1. Ankle pumps
With your leg straight, bend your ankle up (toes pointing straight up) and down (toes pointing straight out ahead of you). Do 10 repetitions. Also, spell out the alphabet (A, B, C, D, etc) forward and backward using your big toe as the pen or pencil.
2. Quad sets, towel props
With your leg straight out and your foot and ankle resting on a rolled towel, tighten the front of your thigh (quad muscles) and try to push the back of your knee flat down towards the bed. Hold the leg in this position for 10 seconds, then relax.
3. Gluteal squeezes
While laying flat on your back, squeeze your butt muscles (gluteals) together and hold together for 10 seconds, then relax.
4. Prone hangs
While laying flat on your stomach and your legs hanging off the edge of the bed, position the leg so that the kneecap is comfortably just off the edge of the bed. Simply relax your body and your legs so that your knee straightens out and stretches the back of your knee. Hold in this position for 5 minutes or as long as tolerated if less than 5 minutes.
5. Sitting knee flexion
While sitting in a chair, use the non-surgical leg to support the surgical leg, and slowly allow the surgical leg to go down to 90 degrees of flexion to the legs of the chair, hold with the knee bent for 5 seconds, then use the non-surgical leg to lift up and straighten the surgical leg all the way back to straight-leg position. Perform 15 repetitions, 3 sets per day.

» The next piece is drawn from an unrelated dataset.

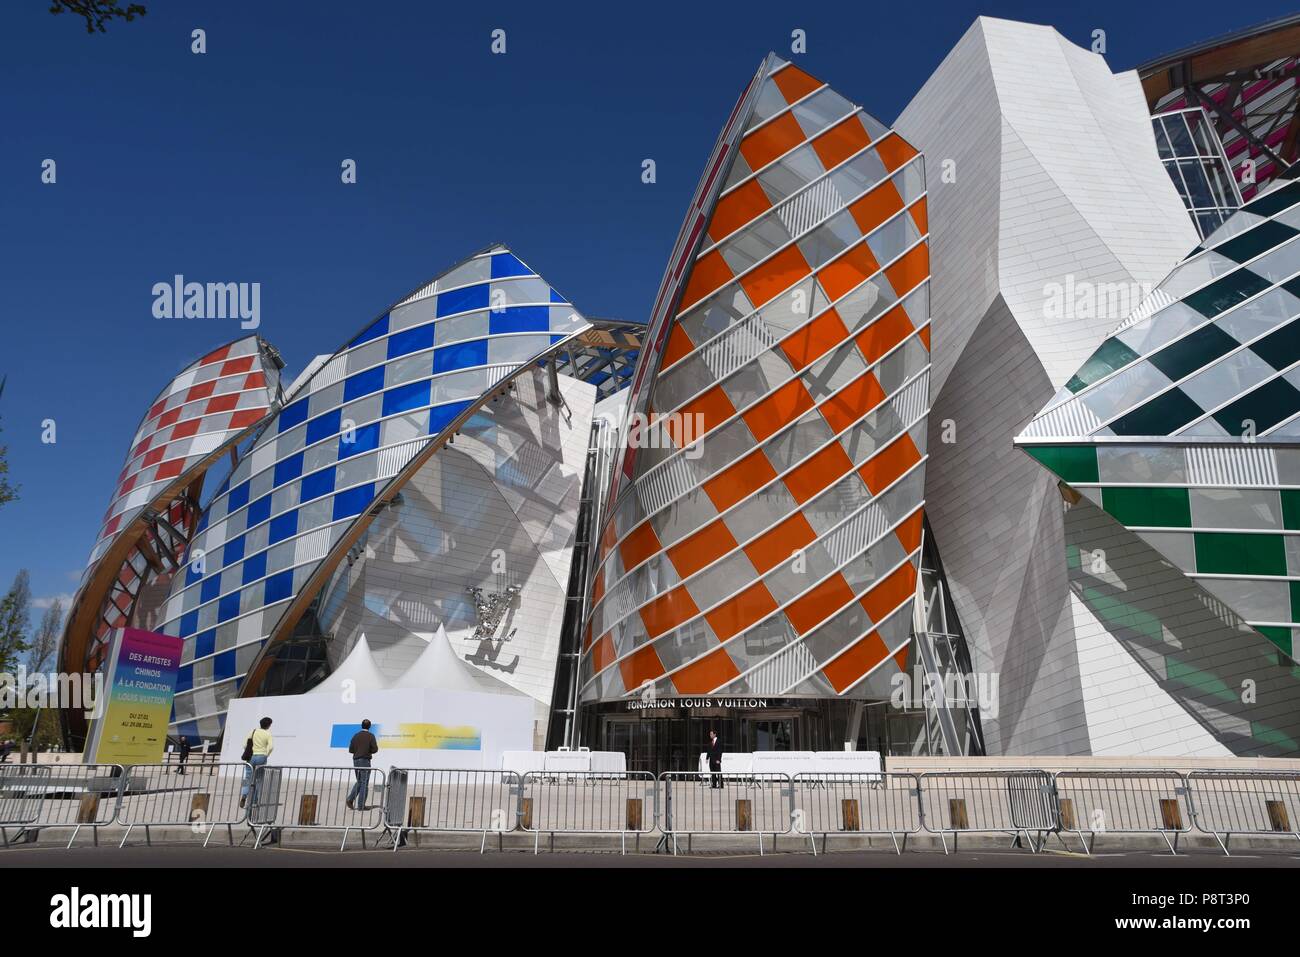 April 18, 2016 - Paris, France: View of the Fondation Louis Vuitton after  the building has been decorated with colored panels designed by French  artist Daniel Buren. Vue de la Fondation Louis

6. Side-lying hip abduction
While laying on your side (both surgical and non-surgical), with the knee brace on, locked straight out in extension, lift the leg up approximately 18 to 24 inches, as shown to the right. Perform 15 repetitions, 3 sets per day.
7. Prone hip extension
While laying flat on your belly with the brace on, locked straight out in extension, lift the leg up approximately 6 to 12 inches, as shown to the right. Perform 15 repetitions, 3 sets per day.
8. Patellar mobilizations
Do not begin these until your sutures are removed. With your leg straight out, use both hands to move your kneecap in four different directions. First, push the kneecap left and hold it for 10 seconds. Next, push the kneecap right and hold it for 10 seconds. Then, push the kneecap towards your toes and hold it for 10 seconds. Finally, pull the kneecap up towards your hip and hold it for 10 seconds. The total distance moved for each direction should be one inch or less. This is one repetiton. Perform 15 repetitions, 3 times per day.